##### Provided data #####
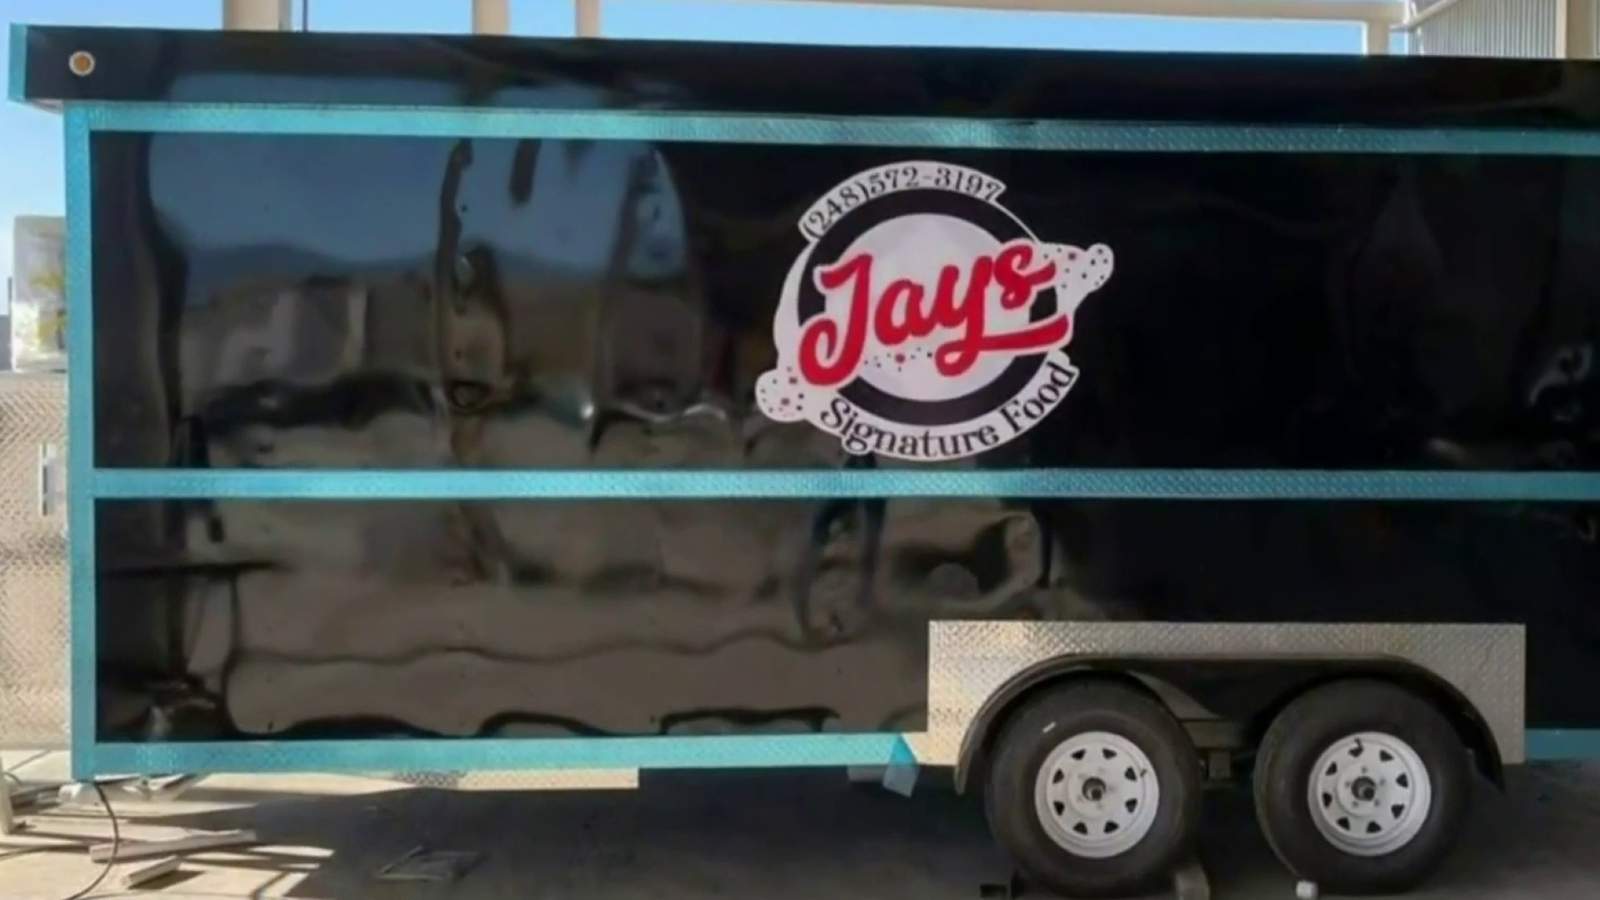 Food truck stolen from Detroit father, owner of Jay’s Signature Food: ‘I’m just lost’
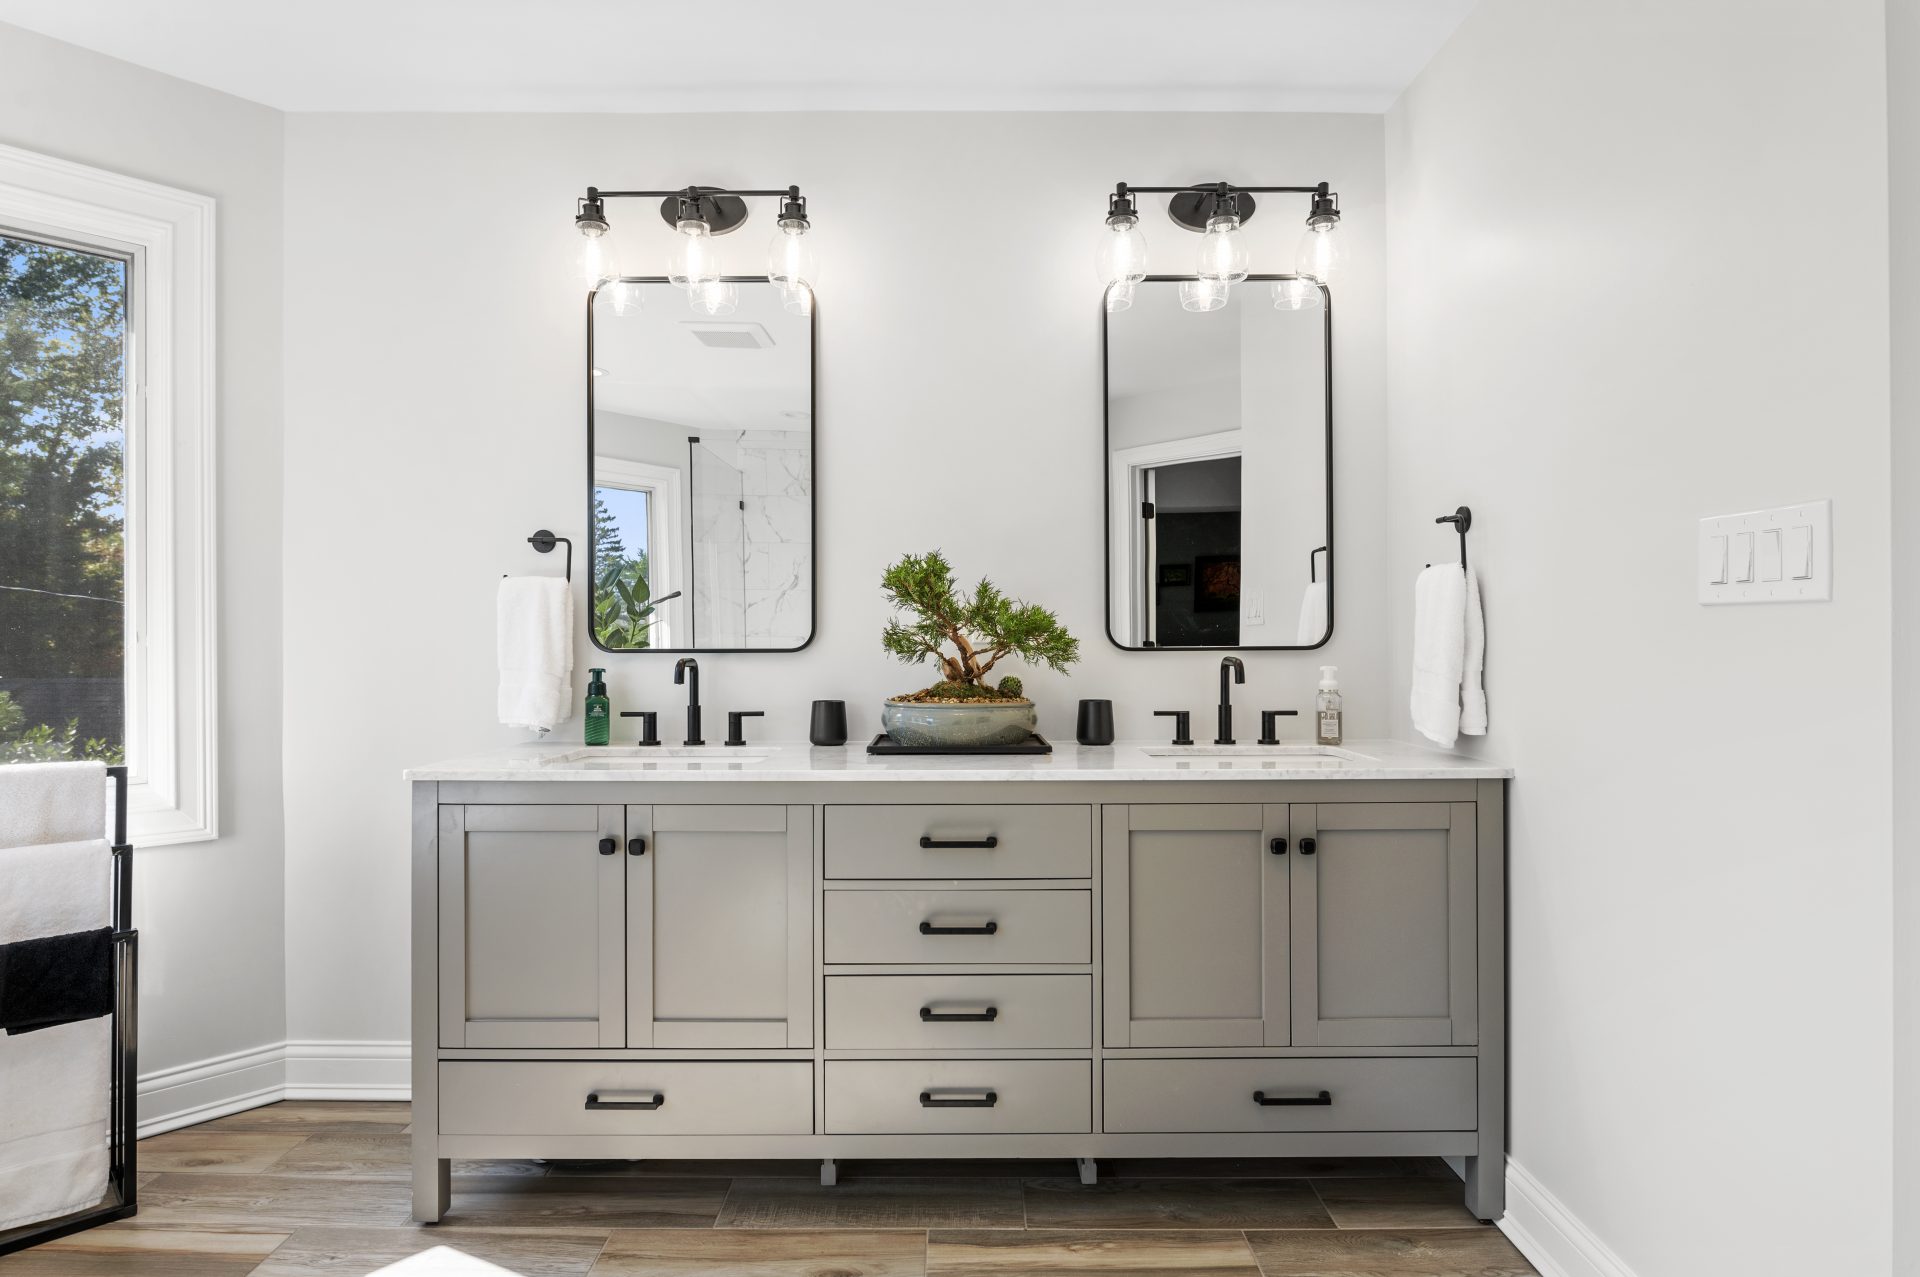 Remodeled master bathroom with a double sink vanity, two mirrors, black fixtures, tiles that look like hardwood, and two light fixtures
#####
##### Provided data #####
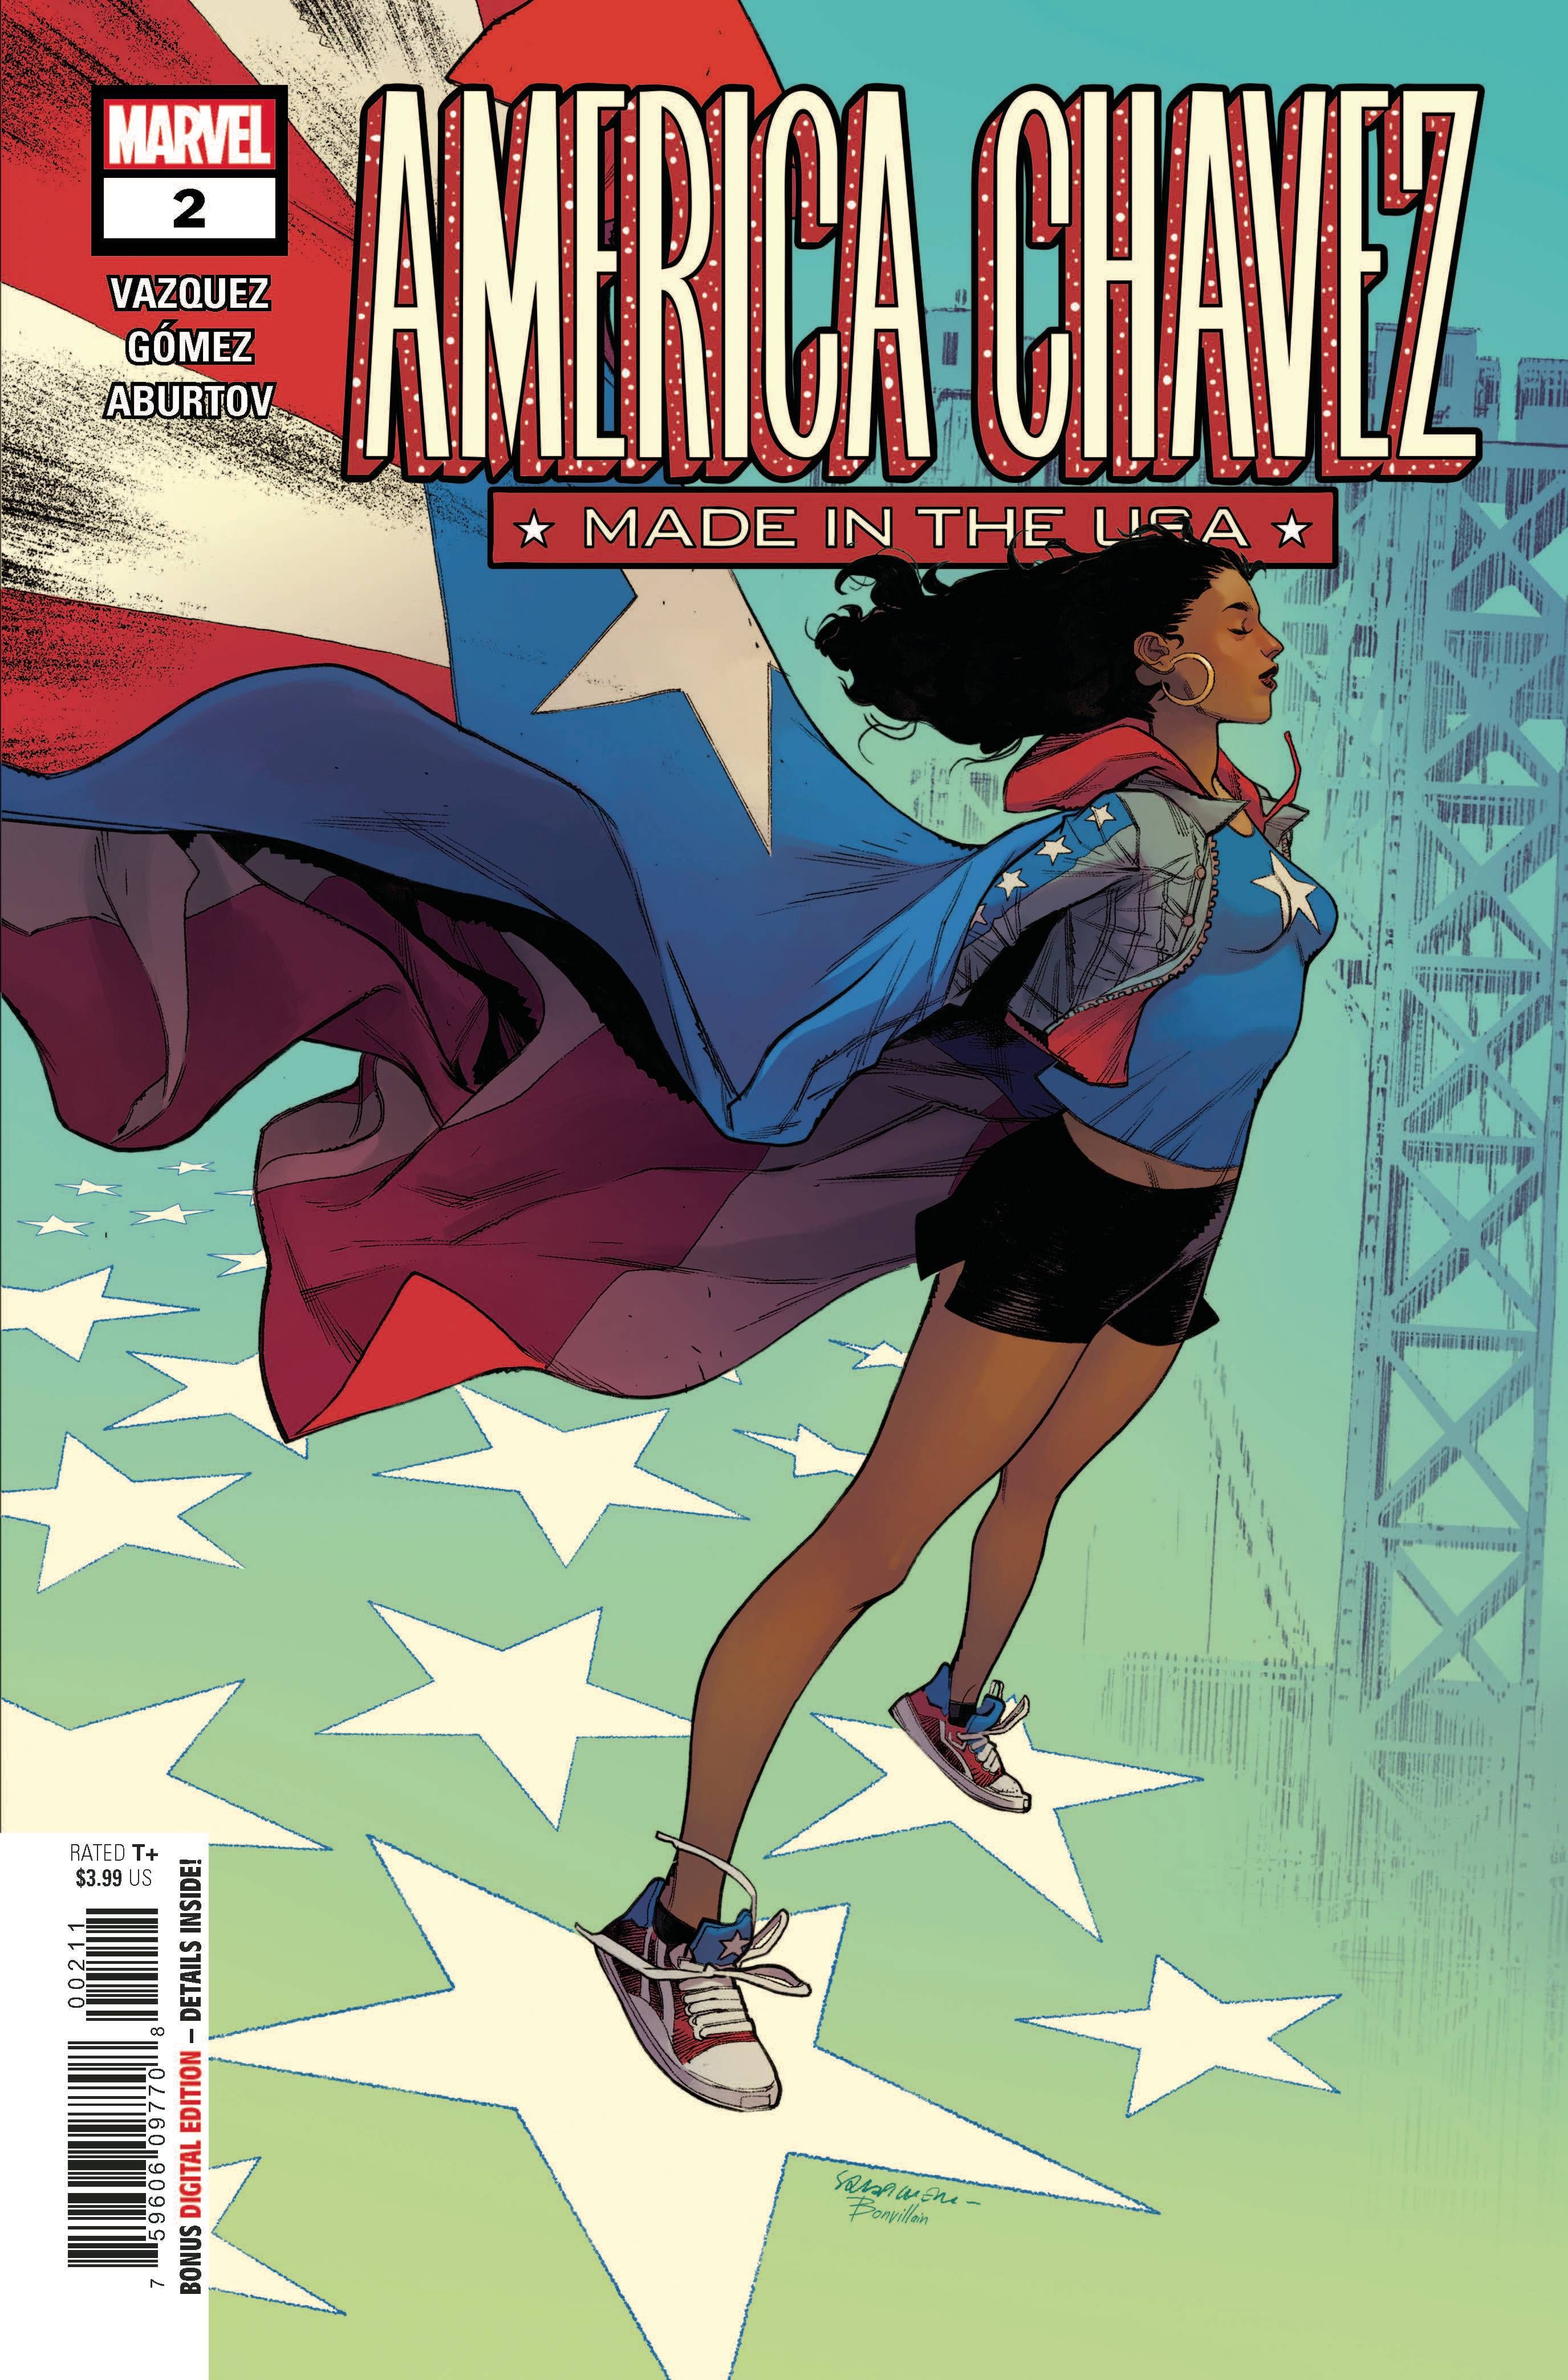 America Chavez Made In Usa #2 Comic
#####
Requirement:
Above are the records; restate exactly the lines from the one containing "Food truck stolen" through the one containing "Remodeled master bathroom", keeping pictures out.

Reply to the exercise:
 Food truck stolen from Detroit father, owner of Jay’s Signature Food: ‘I’m just lost’
 Remodeled master bathroom with a double sink vanity, two mirrors, black fixtures, tiles that look like hardwood, and two light fixtures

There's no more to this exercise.